なので、現実は、もっと複雑で難しいだろうね・・・
Posted by ブクログ
短編集。教師として、生徒として。いろんな立場から進む。ハッピーエンドばかりではない。その時々の苦悩や後悔が上手く描写されていると思う。「教師についてたくさん書いた作家だと言われたい」というようなことがあとがきにあった。他の作品も読んでみたい。
Posted by ブクログ
教師と生徒を題材にした短編集。
教師とはいえ人間。完璧ではないし、失敗や後悔もある。
完璧ではなくても生徒の心に寄り添える教師であって欲しかったな、と感じる作品もあった。
一方で、厳しくても生徒にとってはかけがえのない教師の話はじんときた。
Posted by ブクログ
先生と生徒からなる6つの短編集。
昔は色々な個性豊かな先生がいたなぁ。
よくビンタさせられたりもした。
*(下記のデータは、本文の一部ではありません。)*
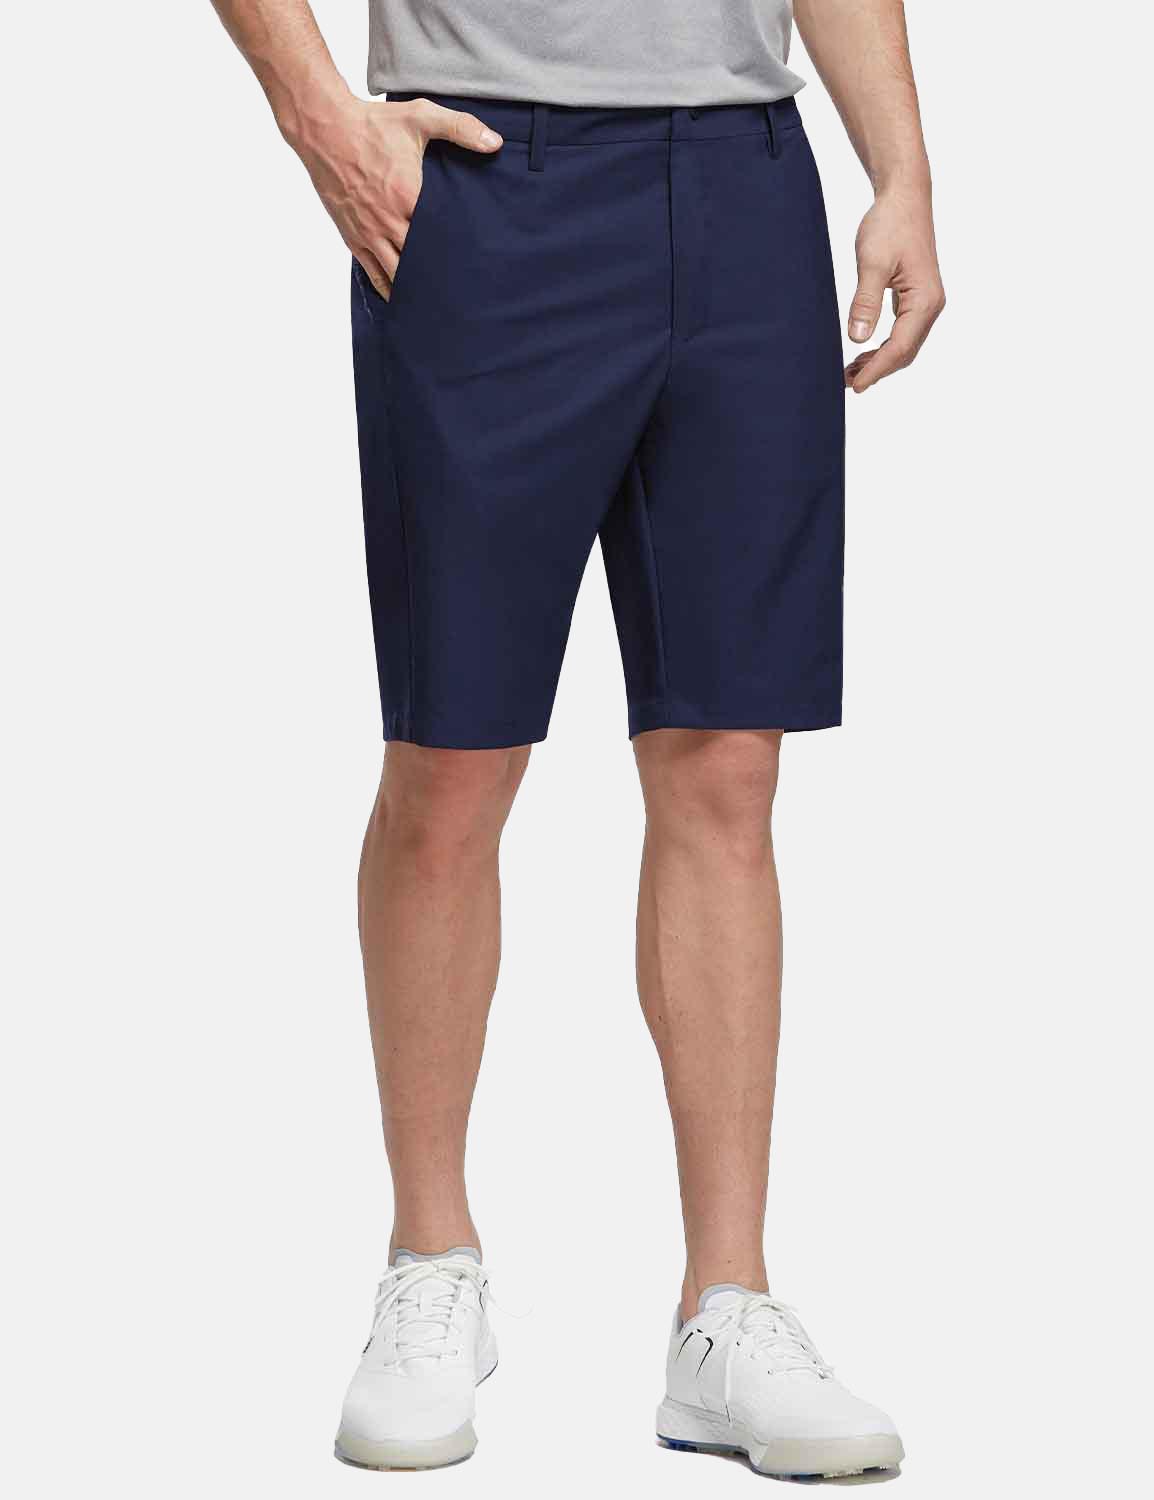 Baleaf Men's 10' UPF 50+ Lightweight Golf Shorts w Zipper Pockets cga005 Medieval Blue Side
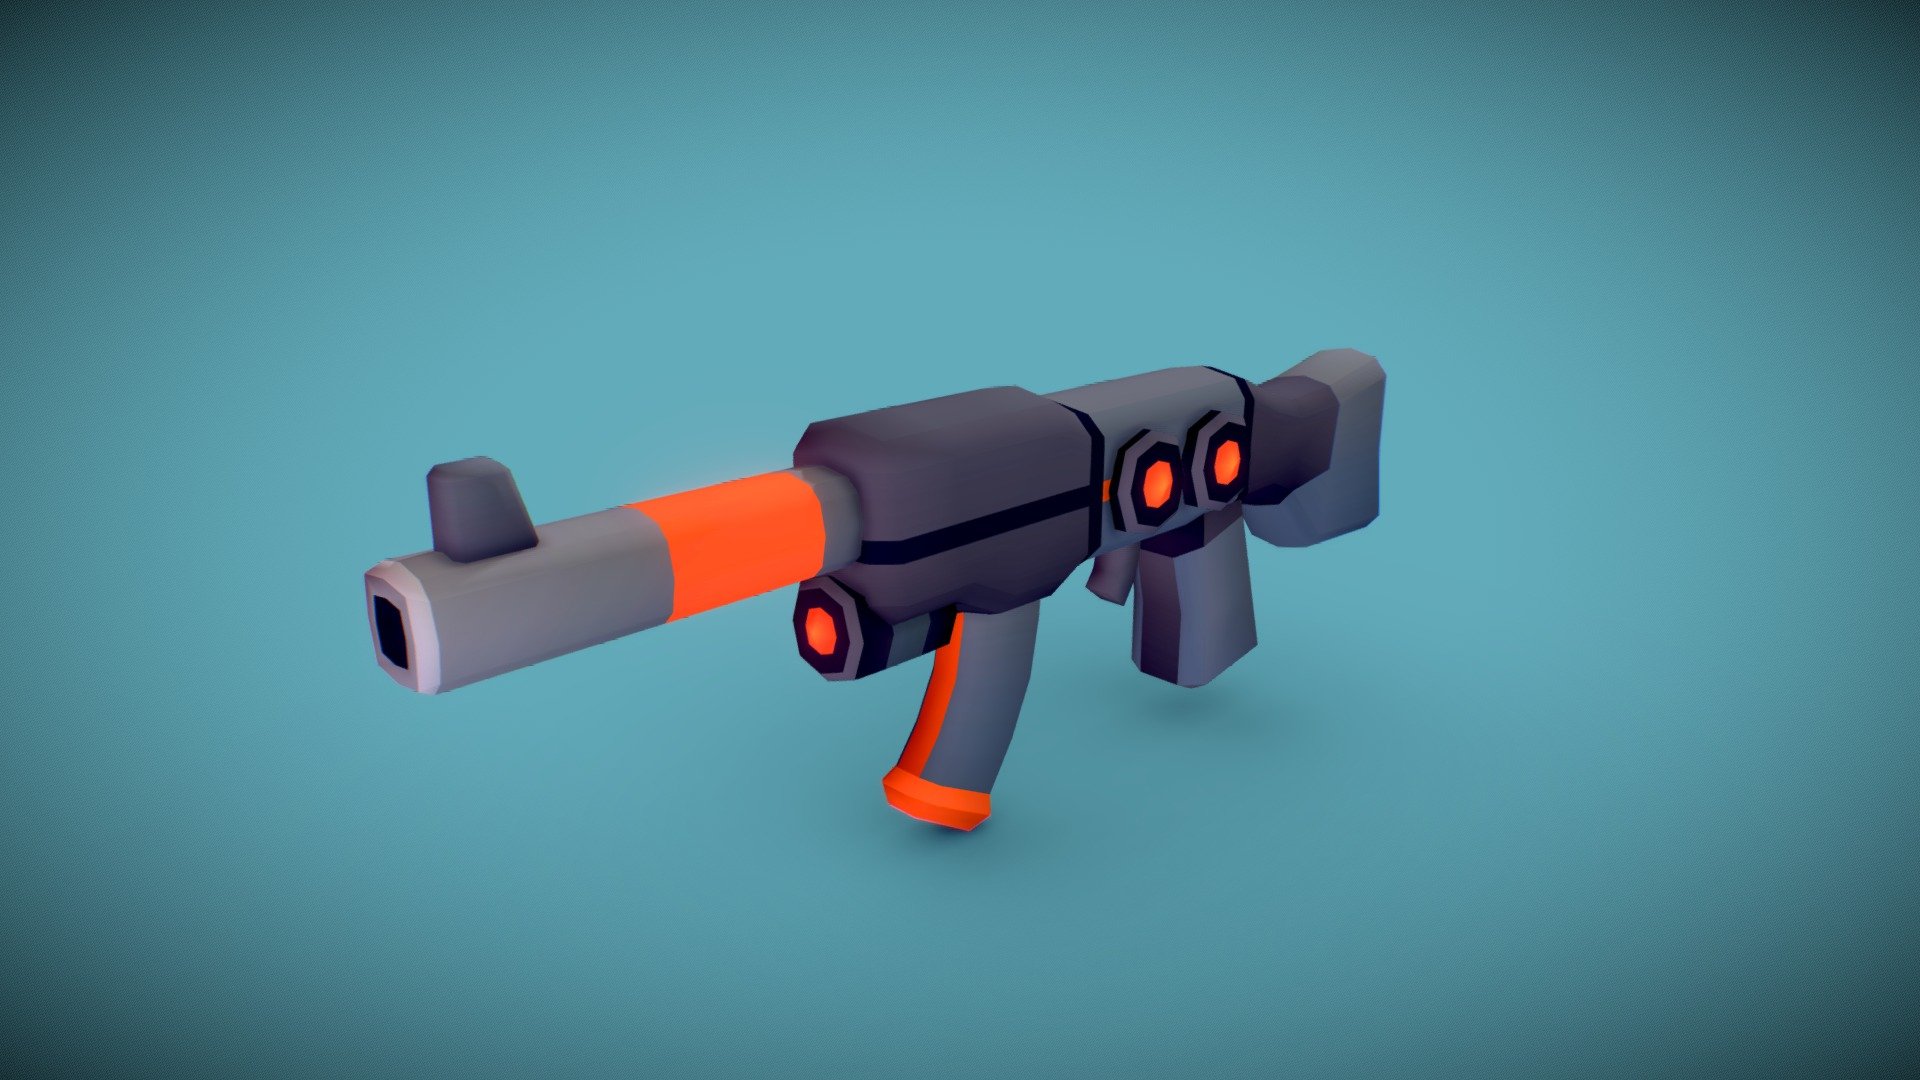 Scifi gun for the Tombstar game 3d model

今なら体罰で大問題になってしまうだろう。
でも、それが先生からのメッセージであったのだと今考えれば思う。
現代の先生像ってどんなんだろう。
作者からしたら、あのとき先生が教えてくれたことが、大人になって胸に染み入るってことなんだろうな。
Posted by ブクログ
子供の頃って先生が全てだと思ってきたし、基本的に先生が好きだったから先生っていう立場の人を嫌な風に思ったことはないけど、先生も人間だもんなぁって改めて思った。にんじん は結構衝撃的だったな。学校の先生をしてる友達の話を聞いてると、本当に責任感と強さと優しさを兼ね備えてないと、難しいだろうなぁと思うし、心の底から先生を尊敬する。
Posted by ブクログ
泣くとかはなかったけど。
赤鬼、気をつけ、礼 よかったです。
でも1番心に残ったのはにんじん
にんじんの人の素晴らしさと
私が教師だったら絶対こういうこと
してしまうだろうなって思ってしまったり。
教師だって人間。
面接官だって、お医者さんだって。
Posted by ブクログ
先生だって人間だよなぁ、と今になって分かる。
悩みながら先生をやってるんだな。
よかれと思って対応しても、その事が子供たちに伝わってなかったり、かえって悪くなっていたり、先生も大変だ…。まぁ、分かってはいるけど、親の立場からしたらしっかりやってくれよ、と複雑な面もありますが…。
『泣くな赤鬼』
これは柳楽優弥さん、堤真一さんで映画にもなっていて、そちらも拝見しました。生徒と先生、生徒同士の気持ちがすれ違う。あの時、もう少し言葉を尽くしていれば、とか、あの日あんな言い方をしなければ、もしかして違う未来になっていたかもしれない。ゴルゴは、赤鬼先生に素直にほめて欲しかった、よくやったって、言ってほしかったんだなぁ。